◆ Source material:
* * * * *

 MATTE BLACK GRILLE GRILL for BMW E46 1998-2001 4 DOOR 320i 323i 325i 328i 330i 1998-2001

* * * * *

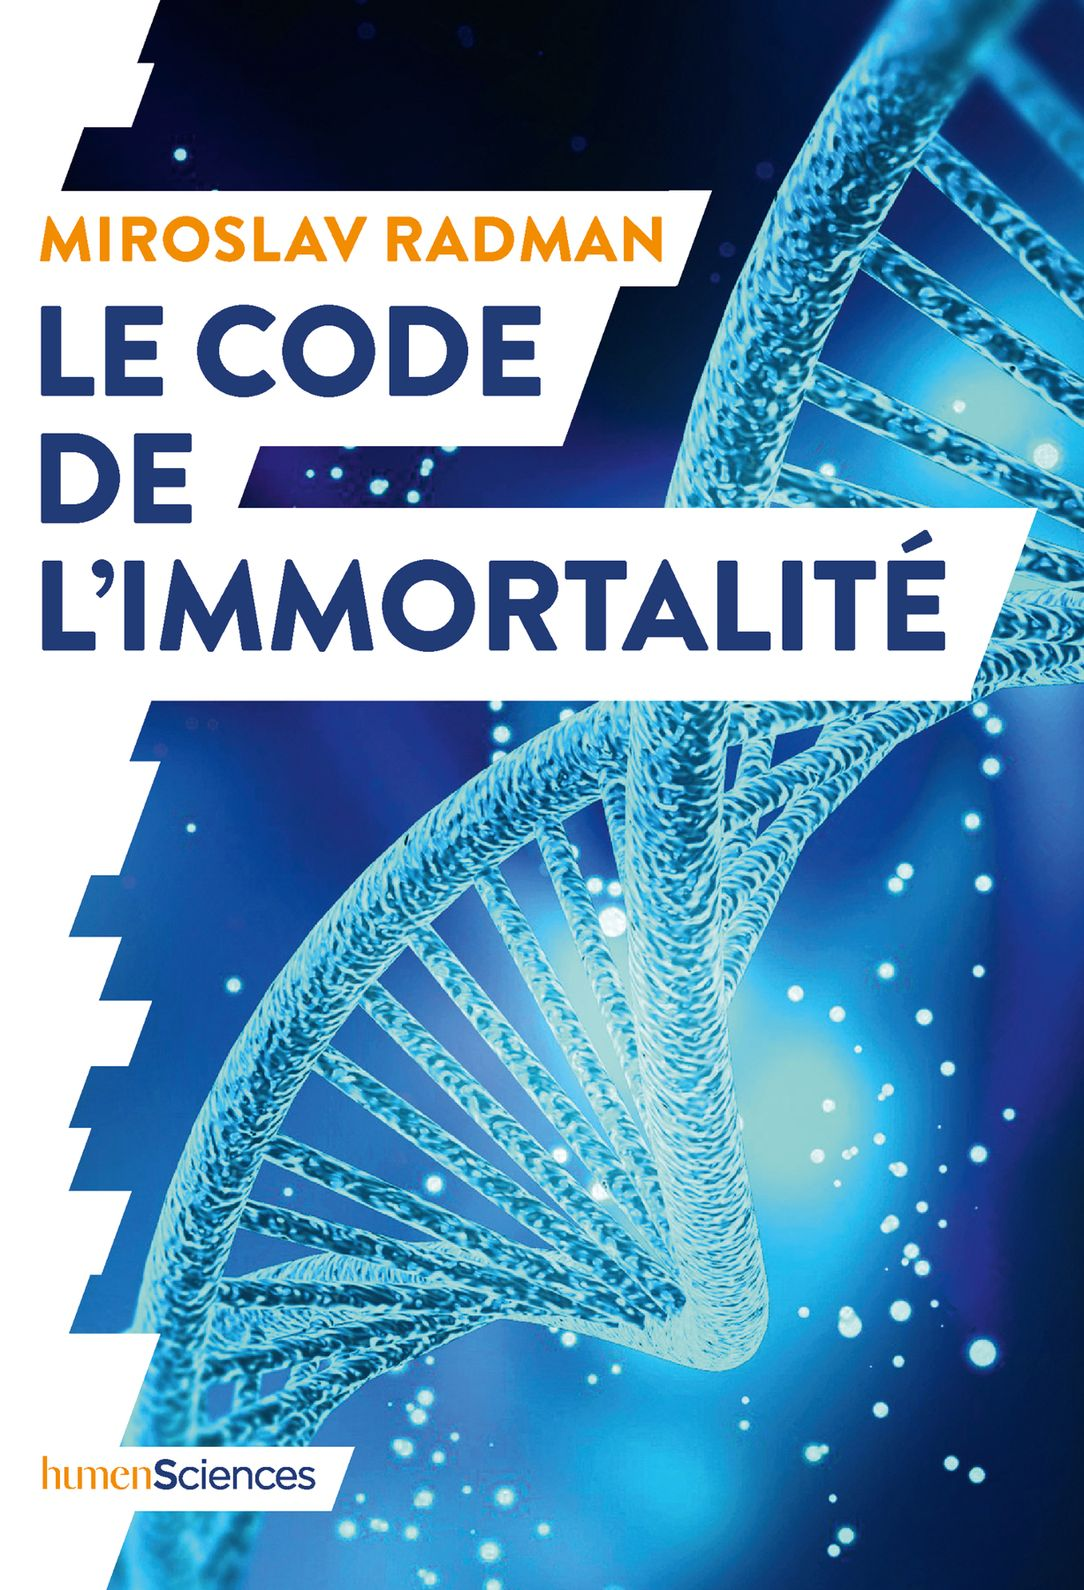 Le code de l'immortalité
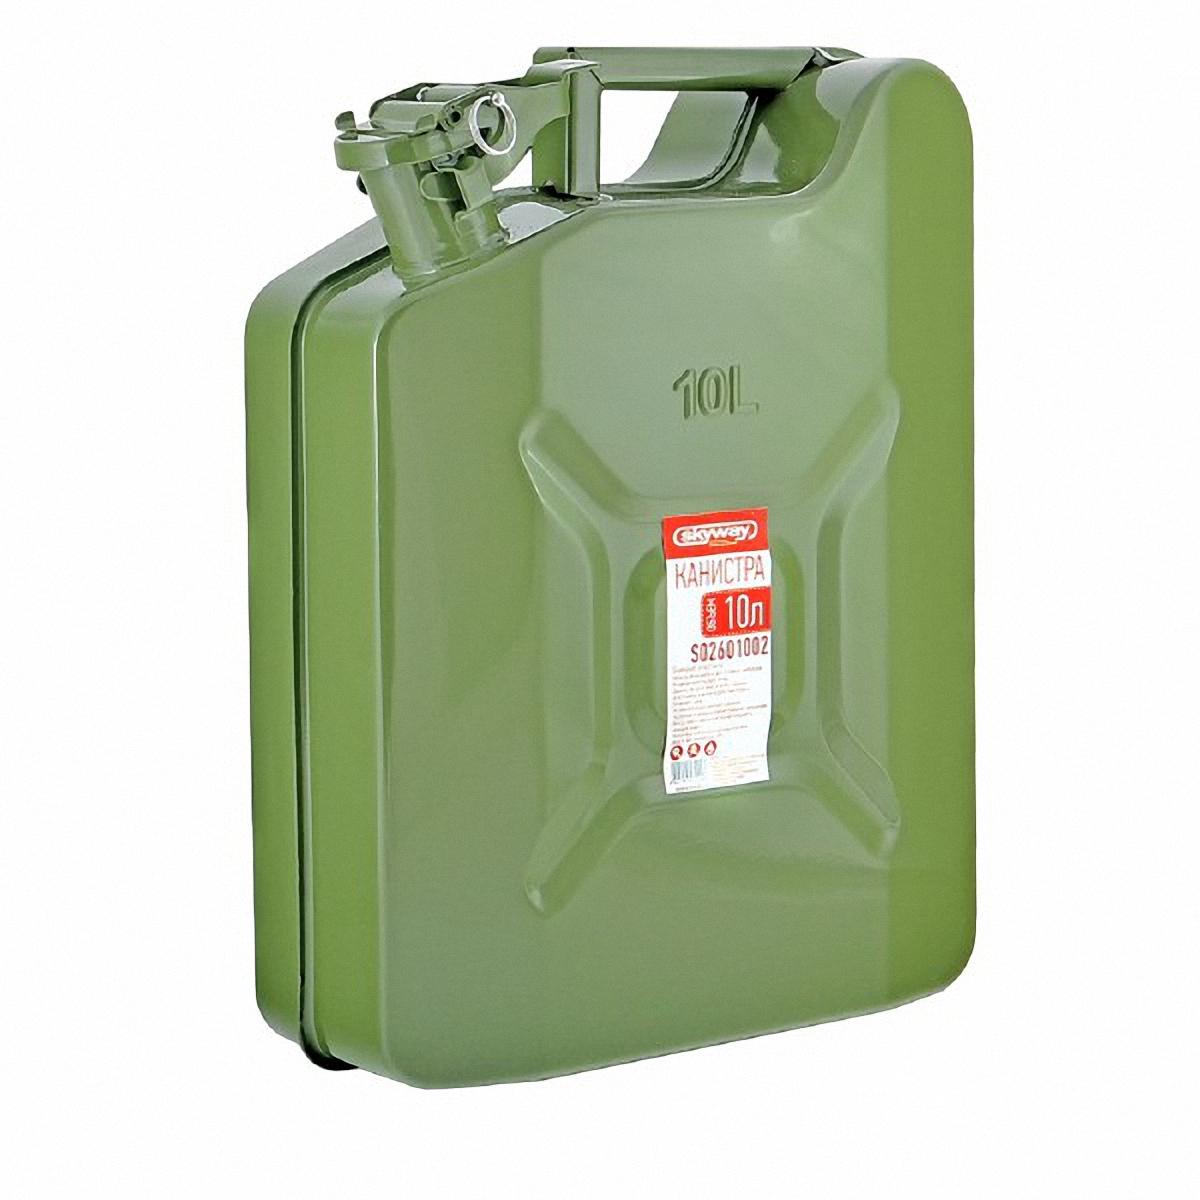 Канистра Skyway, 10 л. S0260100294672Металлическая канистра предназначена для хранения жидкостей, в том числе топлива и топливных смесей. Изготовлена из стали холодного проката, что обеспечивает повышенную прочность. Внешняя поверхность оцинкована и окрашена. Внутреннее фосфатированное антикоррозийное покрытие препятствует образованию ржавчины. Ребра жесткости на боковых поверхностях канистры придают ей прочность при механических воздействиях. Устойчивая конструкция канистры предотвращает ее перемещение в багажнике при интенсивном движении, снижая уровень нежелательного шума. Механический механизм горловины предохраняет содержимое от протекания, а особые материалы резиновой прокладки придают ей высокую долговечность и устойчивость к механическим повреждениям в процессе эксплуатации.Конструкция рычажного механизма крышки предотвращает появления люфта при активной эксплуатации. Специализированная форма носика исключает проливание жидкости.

* * * * *

◆ Try it: Respond with the exact lines above running from the one containing "Le code de l'immortalité" to the one containing "Канистра Skyway, 10", both ends kept and no pictures included.

◆ The completed task:
 Le code de l'immortalité
 Канистра Skyway, 10 л. S0260100294672Металлическая канистра предназначена для хранения жидкостей, в том числе топлива и топливных смесей. Изготовлена из стали холодного проката, что обеспечивает повышенную прочность. Внешняя поверхность оцинкована и окрашена. Внутреннее фосфатированное антикоррозийное покрытие препятствует образованию ржавчины. Ребра жесткости на боковых поверхностях канистры придают ей прочность при механических воздействиях. Устойчивая конструкция канистры предотвращает ее перемещение в багажнике при интенсивном движении, снижая уровень нежелательного шума. Механический механизм горловины предохраняет содержимое от протекания, а особые материалы резиновой прокладки придают ей высокую долговечность и устойчивость к механическим повреждениям в процессе эксплуатации.Конструкция рычажного механизма крышки предотвращает появления люфта при активной эксплуатации. Специализированная форма носика исключает проливание жидкости.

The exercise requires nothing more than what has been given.